Installation

Python editing

You can run Project Hadron in your favorite code editor, Jupyter notebook, Google Colab, or anywhere else you write Python.

Python version

We recommend using the latest version of Python. Project Hadron supports Python 3.8 and newer.

Package installation

The best way to install the component packages is directly from the Python Package Index using pip.

The component package is discovery-capability and pip installed with:

$ python -m pip install discovery-capability

if you want to upgrade your current version then using pip install upgrade with:

$ python -m pip install -U discovery-capability

This will also install or update dependent third party packages. The dependencies are limited to Python, PyArrow and related Data manipulation tooling such as Pandas, Numpy, scipy, scikit-learn and visual packages matplotlib and seaborn, and thus have a limited footprint and non-disruptive installation in a data processing environment.

dependencies

Project Hadron is written in pure Python and depends on a few key Python packages. These should be installed as parge of the pip installation but for troubleshooting, they are:

  • pyarrow, provides a cross-language, in-memory columnar data representation

  • pandas, versatile data manipulation and analysis toolset

  • numpy, core library for numerical and mathematical operations

  • scipy, scientific computing library that extends the functionality of NumPy

  • scikit-learn, machine learning library with a focus on predictive data analysis

  • matplotlib, versatile 2D plotting library

  • seaborn, statistical data visualization library built on top of Matplotlib

In case of any trouble related to these dependencies, please refer to their respective installation instructions.

Virtual environments

Use a virtual environment to manage the dependencies for your project, both in development and in production.

What problem does a virtual environment solve? The more Python projects you have, the more likely it is that you need to work with different versions of Python libraries, or even Python itself. Newer versions of libraries for one project can break compatibility in another project.

Virtual environments are independent groups of Python libraries, one for each project. Packages installed for one project will not affect other projects or the operating system’s packages.
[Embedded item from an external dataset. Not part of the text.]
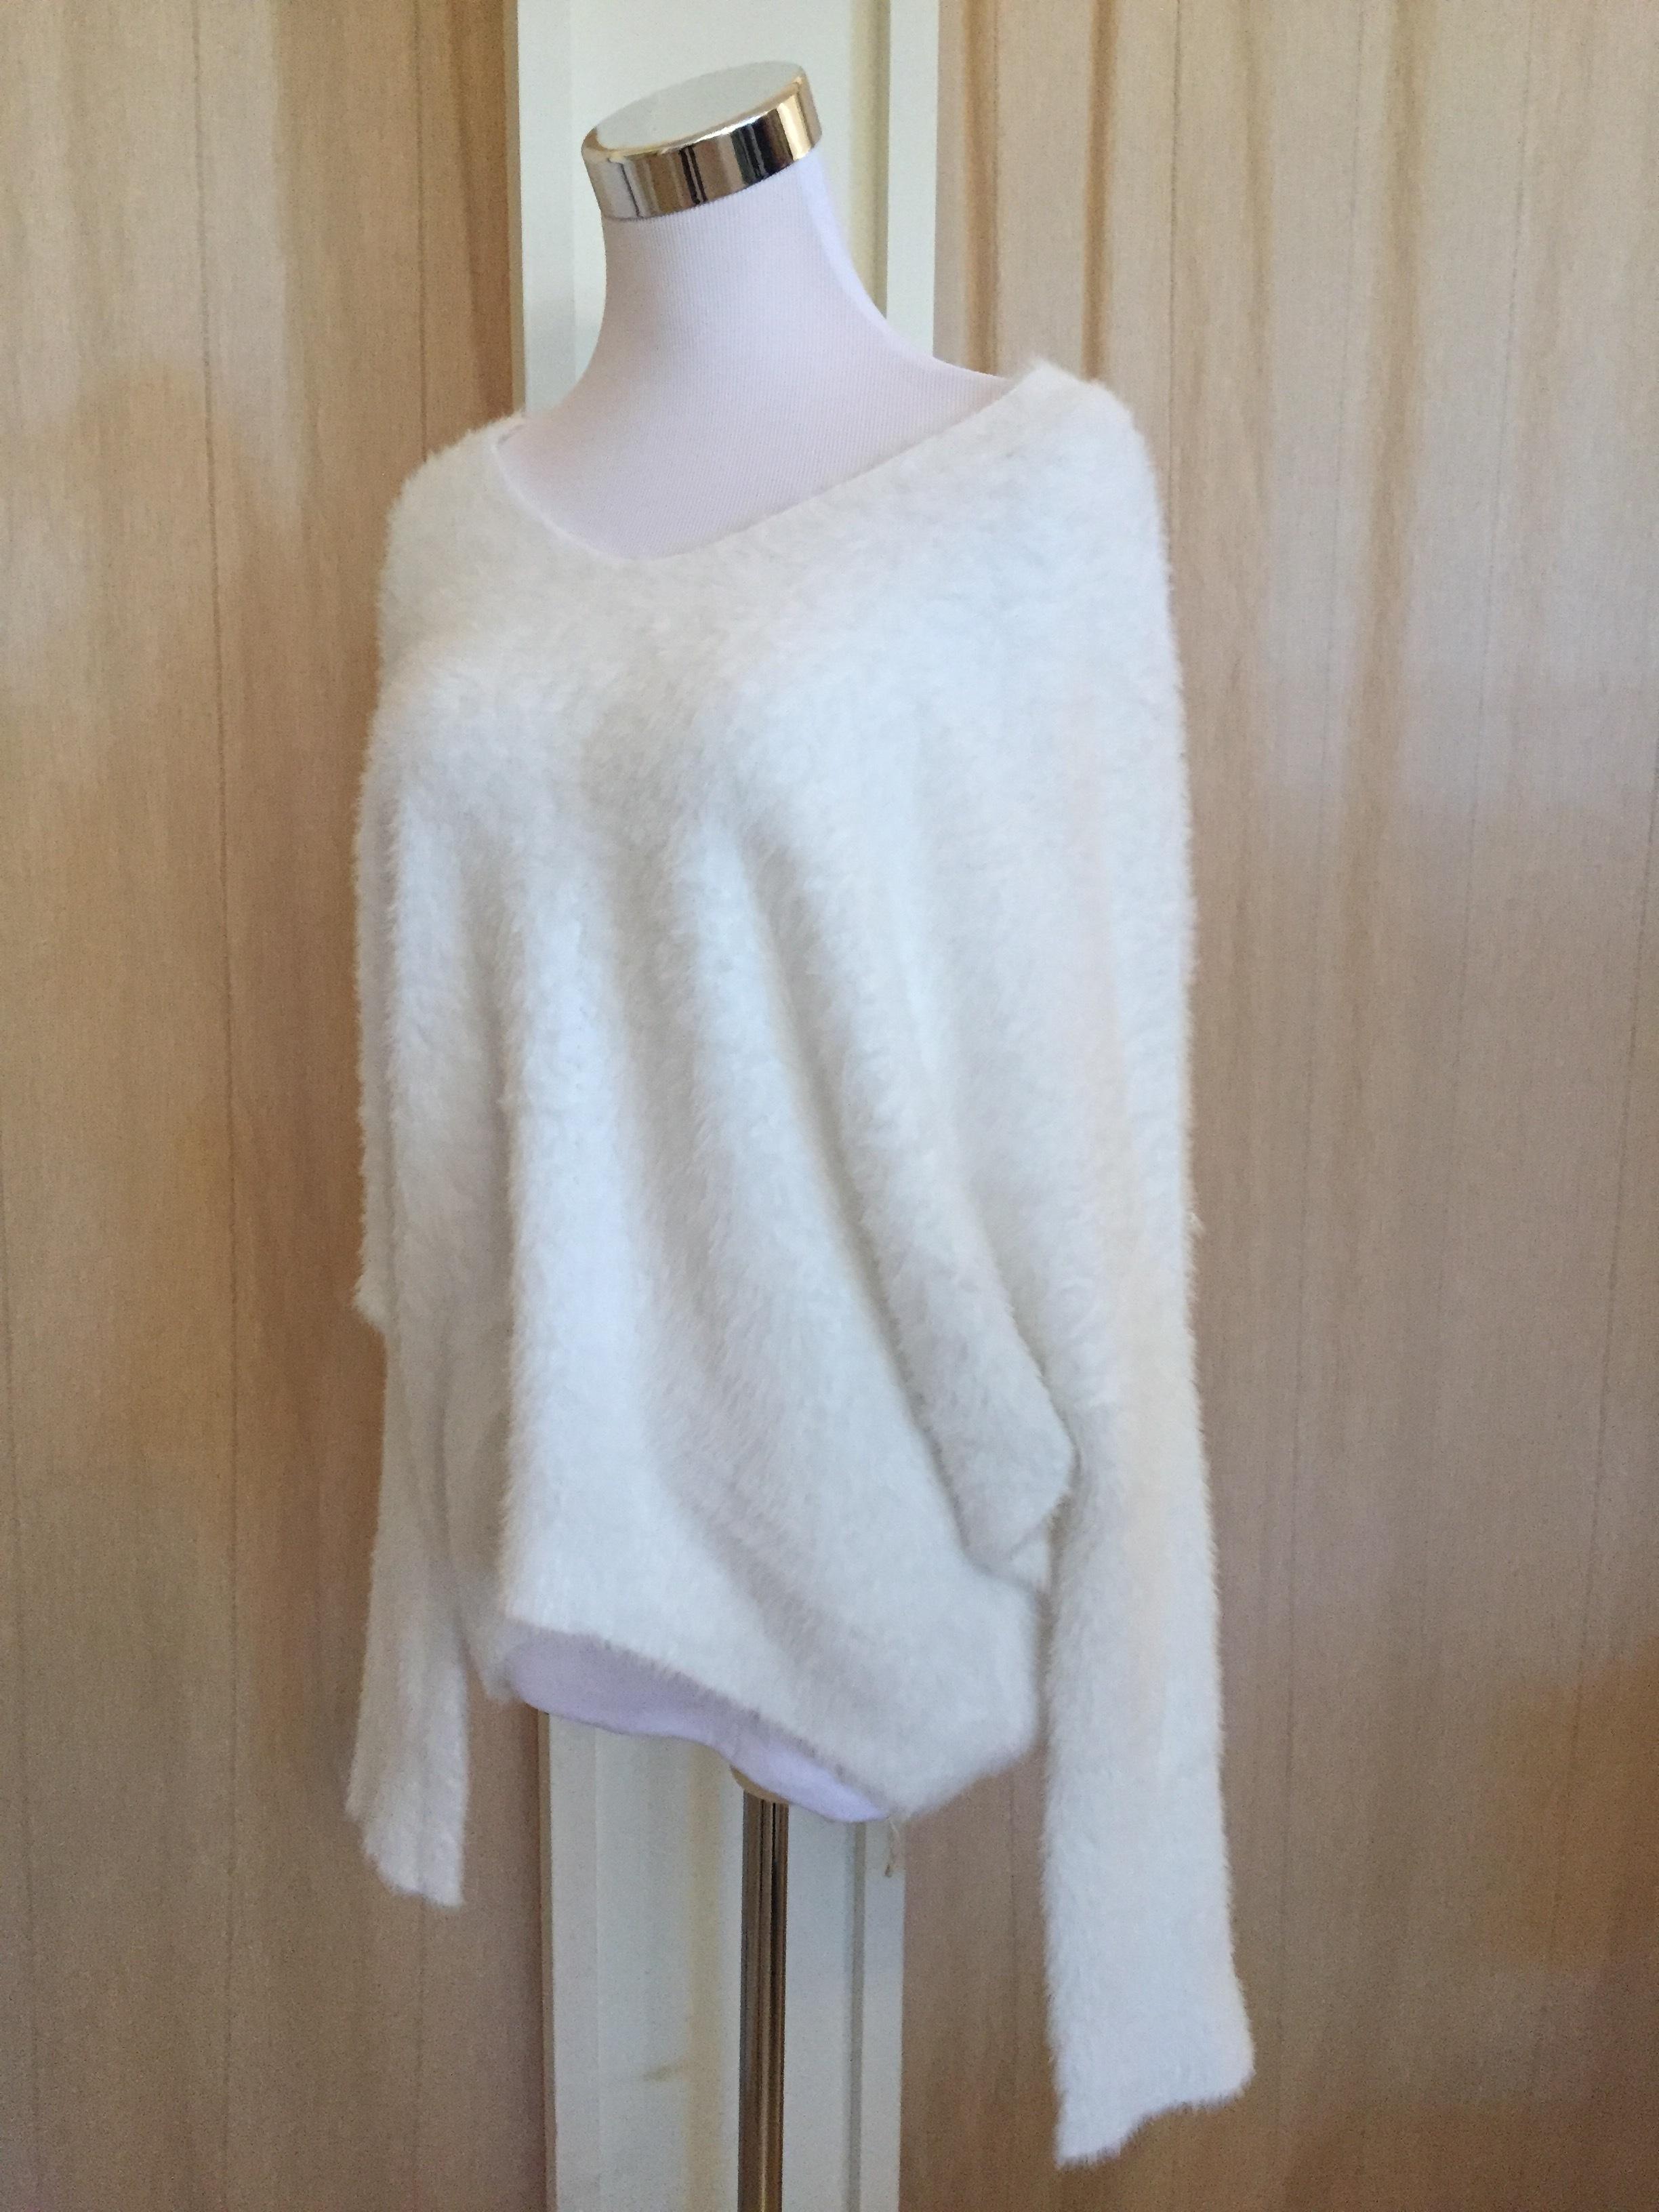 Super soft sweater $42

Python comes bundled with the venv module to create virtual environments.

create an environment

Create a project folder and a .venv folder within:

macOS/Linux

$ mkdir myproject
$ cd myproject
$ python3 -m venv .venv

Windows

> mkdir myproject
> cd myproject
> py -3 -m venv .venv

activate the environment

Before you work on your project, activate the corresponding environment:

macOS/Linux

$ . .venv/bin/activate

Windows

> .venv\Scripts\activate

Your shell prompt will change to show the name of the activated environment.

Viewing examples

As said before, you can run Project Hadron in your favorite code editor, but to help any tutorial documentation, you can find examples of the code on GitHub as Jupyter notebooks.

Jupyter Notebooks and Jupyter Labs are available for installation via the Python Package Index using pip.

We recommend installing JupyterLab with pip:

$ pip install jupyterlab

Once installed, launch JupyterLab with:

$ jupyter lab

For more information on JupyterLab go to the Jupyter documentation

Release process

Versions to be released will govern and describe how the discovery-capability produces a new release.

To find the current version of discovery-capability, from your terminal run:

$ python -c "import ds_capability; print(ds_capability.__version__)"

major releases

A major release will include breaking changes. When it is versioned, it will be versioned as vX.0.0. For example, if the previous release was v10.2.7 the next version will be v11.0.0.

Breaking changes are changes that break backwards compatibility with prior versions. The majority of changes to the dependant core abstraction will result in a major release.

Project Hadron is committed to providing a good user experience and as such, committed to preserving backwards compatibility as much as possible. Major releases will be infrequent and will need strong justifications before they are considered.

minor releases

A minor release will include additional methods, classes, or noticeable modifications to code in a backward-compatable manner which may include miscellaneous bug fixes. If the previous version released was v10.2.7 a minor release would be versioned as v10.3.0.

Minor releases will be backwards compatible with releases that have the same major version number. In other words, all versions that would start with v10. should be compatible with each other.

patch releases

A patch release include small and encapsulated code changes that do not directly effect a major or minor release, for example changing round(... to np.around(..., and patch bug fixes that can’t wait to be released before a major or minor release. If the previous version released v10.2.7 the patch release would be versioned as v10.2.8.